Vannevar Bush non comprende che, cambiando la scala delle risorse in gioco e il luogo ove si prendono le decisioni scientifiche rilevanti (non più la comunità scientifica, ma la società nel suo complesso pur nella sua articolazione democratica), il modello non regge.
Non comprende che in sede civile vale quello che è già successo a Los Alamos: nella collaborazione strategica tra scienziati e militari l’ultima parola non ce l’ha la direzione scientifica, che risponde solo alla comunità scientifica (Robert Oppenheimer), ma la direzione militare (Leslie Groves), che risponde al Presidente eletto degli Stati Uniti d’America.
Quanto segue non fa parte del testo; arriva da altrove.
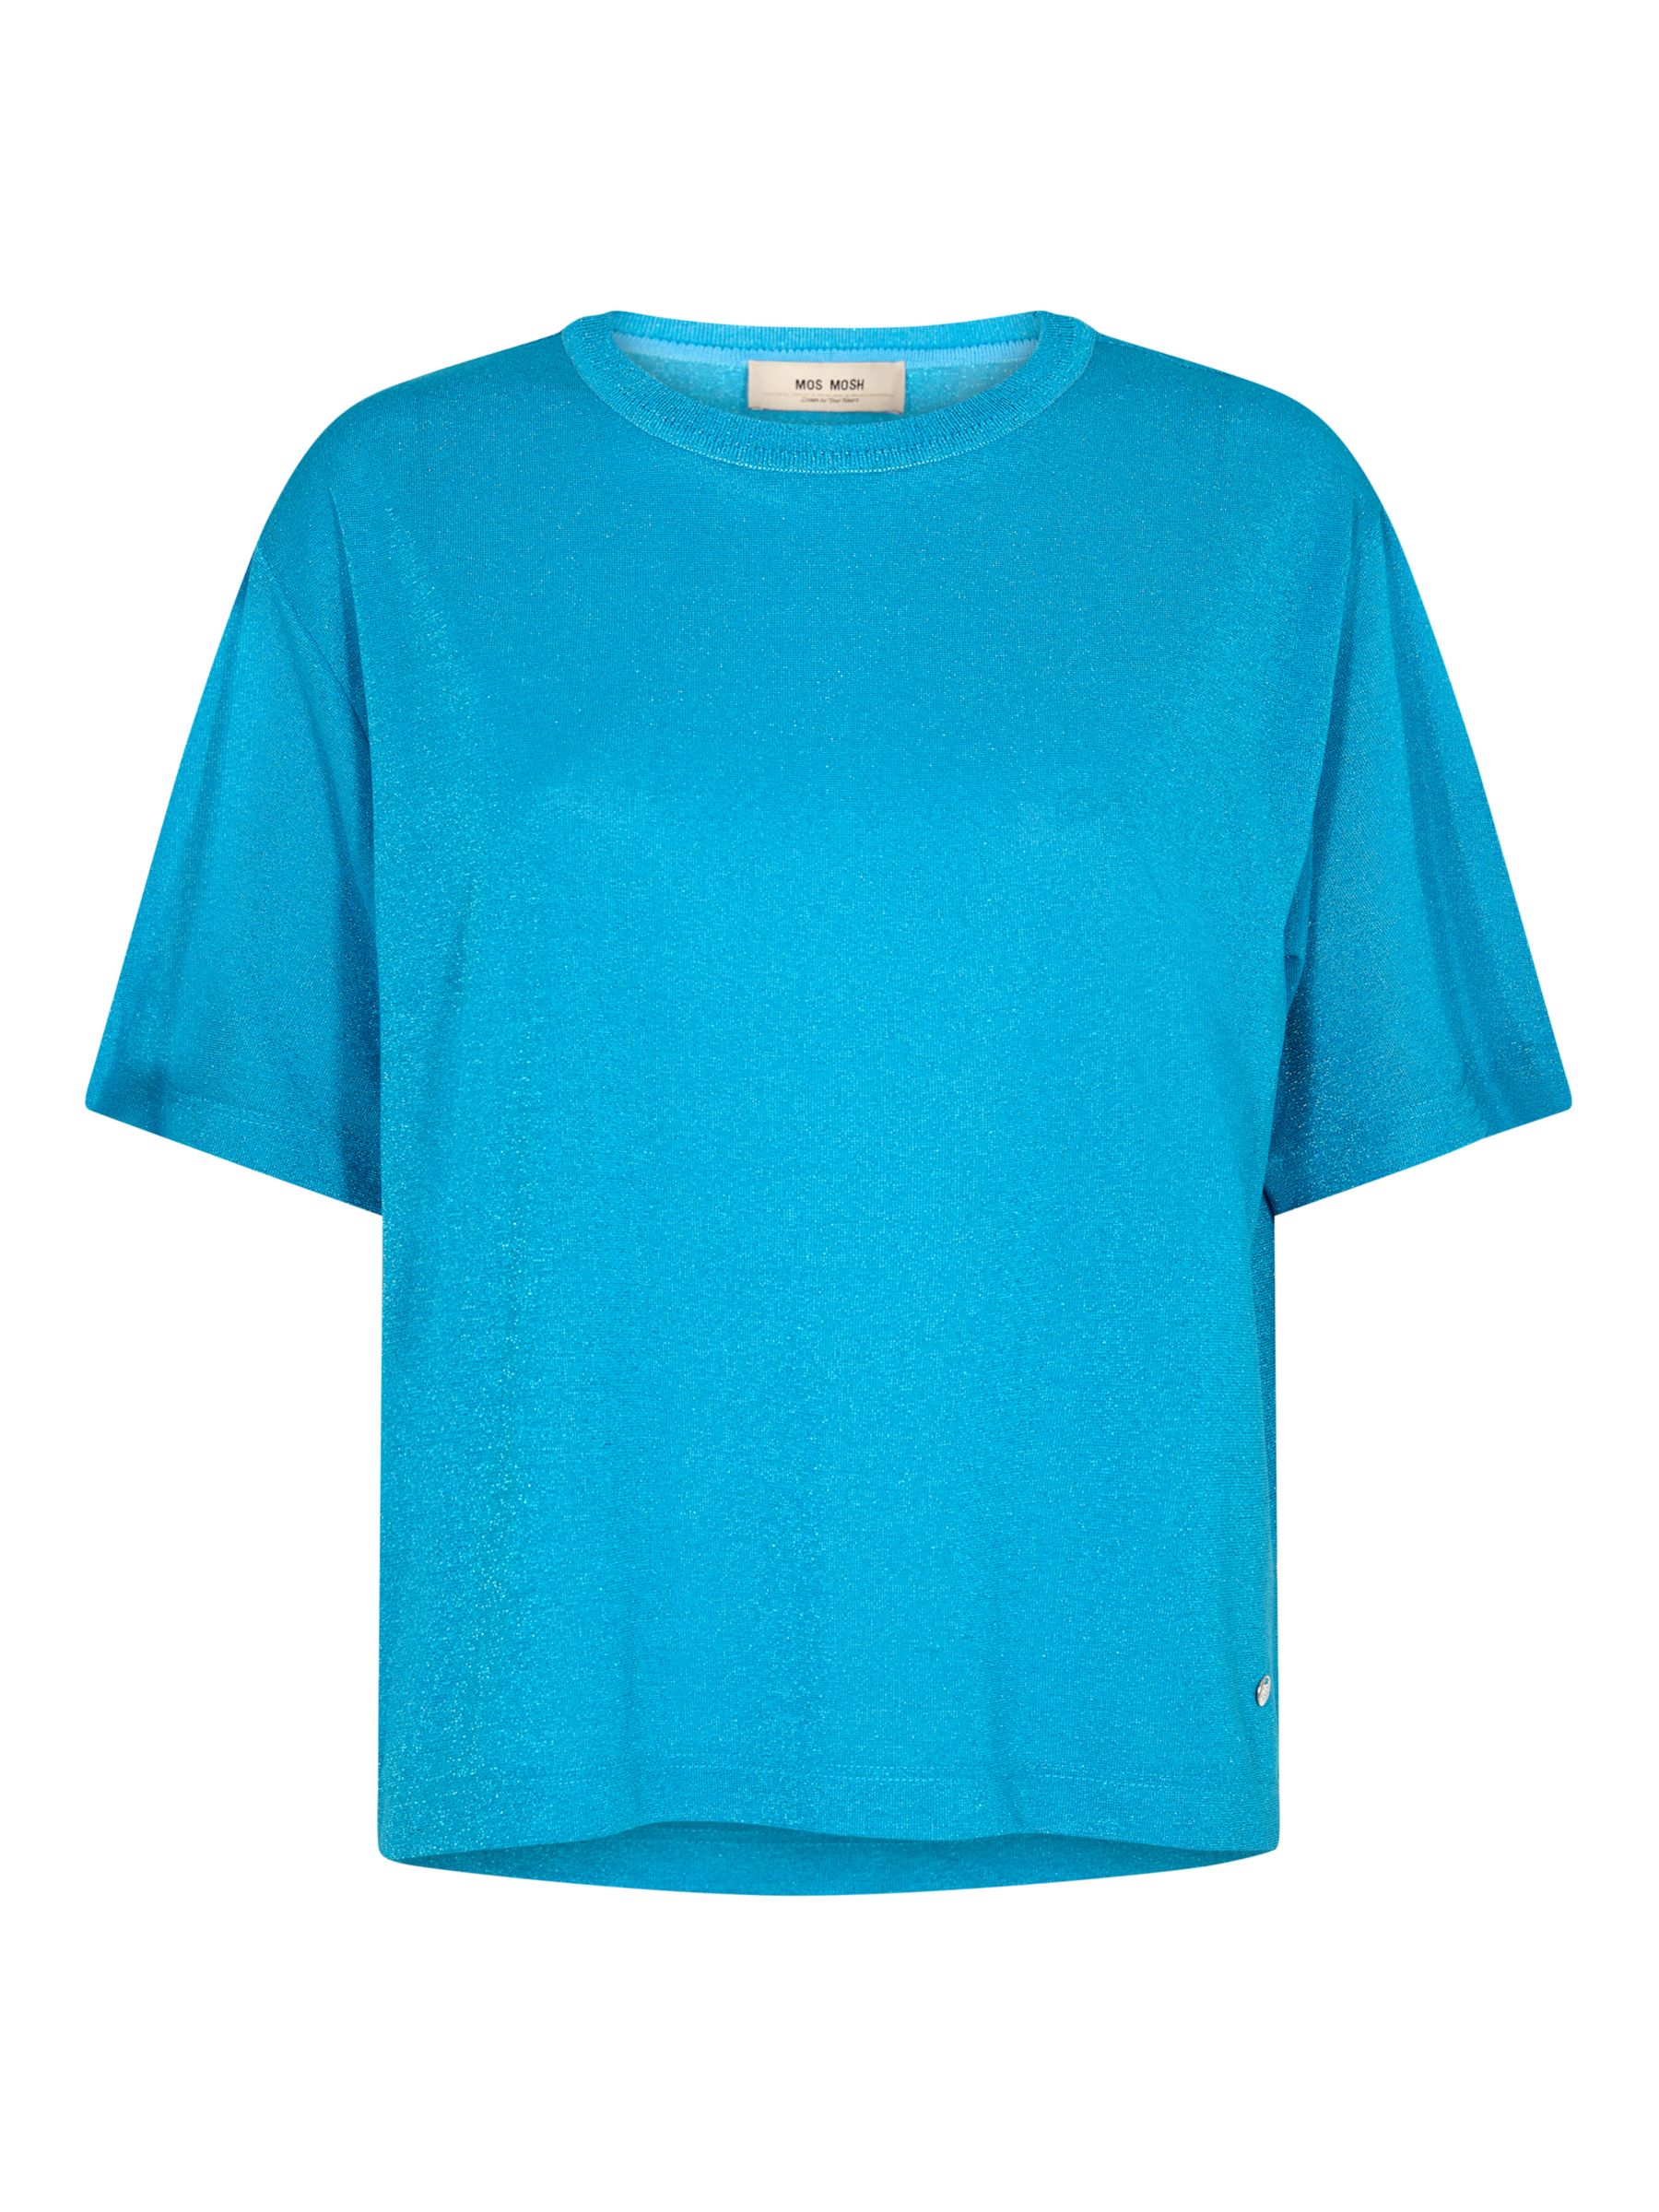 MOS MOSH Kit Lurex Short Sleeve T-Shirt, Blue Aster at John Lewis ...

E, infatti, il 6 agosto 1947 il Presidente degli Stati Uniti d’America, Harry S. Truman, pone il veto al National Science Foundation Act. Motivandolo col fatto che un’agenzia governata in maniera del tutto indipendente dalla comunità scientifica si separa dal controllo del popolo creando una crepa nel processo democratico.
Se la scienza assume un ruolo strategico nello sviluppo economico, militare e civile di un’intera società, e la società le conferisce ampio spazio e ampie risorse, insomma se si riscrivono su basi nuove i rapporti tra scienza e società, risulta velleitaria la pretesa di totale indipendenza da parte della comunità scientifica. Se la scienza diventa un’attività con una forte proiezione sociale, deve rinunciare alle mura protettive dell’antica torre d’avorio e deve mettersi in gioco. Deve accettare che le decisioni rilevanti sulle sue stesse modalità la politica della scienza siano prese in compartecipazione con gruppi di non esperti. Deve accettare che l’ultima parola spetti alla politica.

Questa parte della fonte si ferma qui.